With Ted Rosenthal again at the keyboard, Martin Wind back on bass, and Sherrie Maricle on drums (who was excellent during Day Two of the October Cabaret Convention), Callaway's songbook gig was more casual than the Streisand run, but just as consistently solid and one that really allowed her to display her affinity for singing almost any song style. She opened with "Music," her upbeat homage to Jobim-like bossa nova that featured a cool bebop scat, and followed with "The I'm-Too-White-to-Sing-the-Blues, Blues," a song with a funny, self-deprecating lyric that has been covered by numerous cabaret singers. Then she used her smokey alto to great effect on the torchy and sensual love ballad "I Gaze in Your Eyes," for which she wrote the music to a Cole Porter lyric and that was subsequently published by the master's estate, making Callaway the only person to be a Porter co-writer. I mean how cool is that?

The rest of the set was a fun melange of jazzy, up-tempo songs ("Hip to Be Happy," "Manhattan in December," and "Finding Beauty") mixed with those "bondage" ballads like the jazzy, sensual, and seductive lounge lizard song "Slow," the exquisite Broadway-esque power ballad "Where Does Love Go," the lovely "Revelation" (the music for which she wrote to a Robert Frost poem), and again "I've Dreamed of You," the song she composed for her BFF Barbra's wedding. In between were delicious post-Thanksgiving Day treats such as "The Nanny Named Fran," the ditty that became the theme song for the Fran Drescher TV hit The Nanny (during which Ann's sister Liz, photo above, and her nephew Nick Foster sang backup from their banquette), and "God Bless My Family," where Liz took the stage to add her sweet soprano to Ann's rich alto to produce wonderful sisterly harmonies. (I immediately longed to hear the Callaways channel Rosemary Clooney and Vera Ellen and sing Irving Berlin's "Sisters" from the film White Christmas.) Callaway also showed off her improv flair at the piano, taking word suggestions from the audience to instantaneously produce a raucously funny song called "Love Sucks."

What doesn't suck is Ann Hampton Callaway's songwriting.

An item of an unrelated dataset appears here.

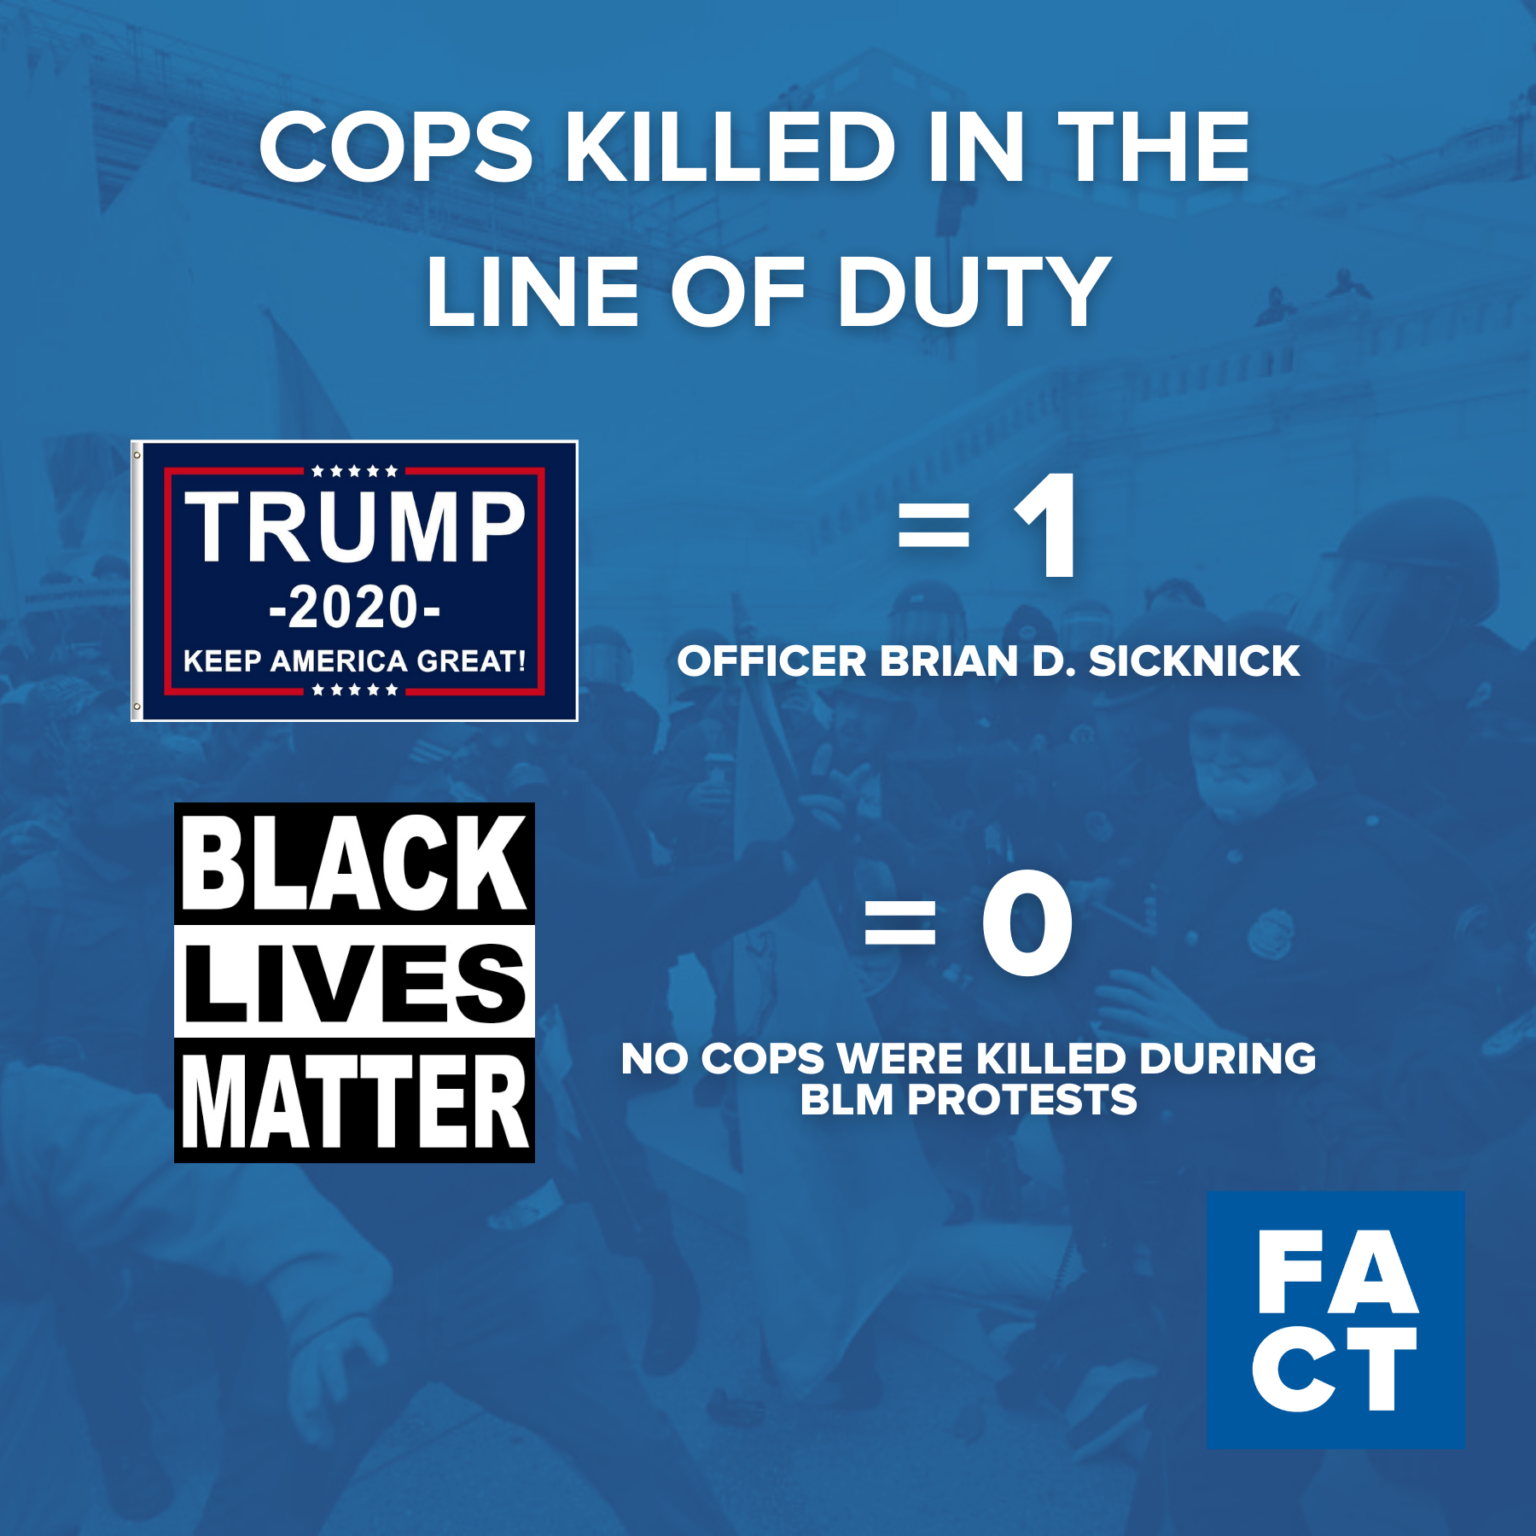 O motim de Trump matou mais policiais do que as vidas negras. Protestos

Her jazzy compositions are ideal for her vocal style, which can jump from an intoxicating deep alto to an enchanting mezzo-soprano vibrato in a nanosecond. While there can be something of a sameness to her ballads in tone, style, and structure-especially once you hear many of them within a set as during this show-even the lesser tunes are still compelling enough to stick with and appreciate. And the obvious joy Callaway exudes in her singing and the pride she takes in her original songs easily overcomes any flaws in the writing.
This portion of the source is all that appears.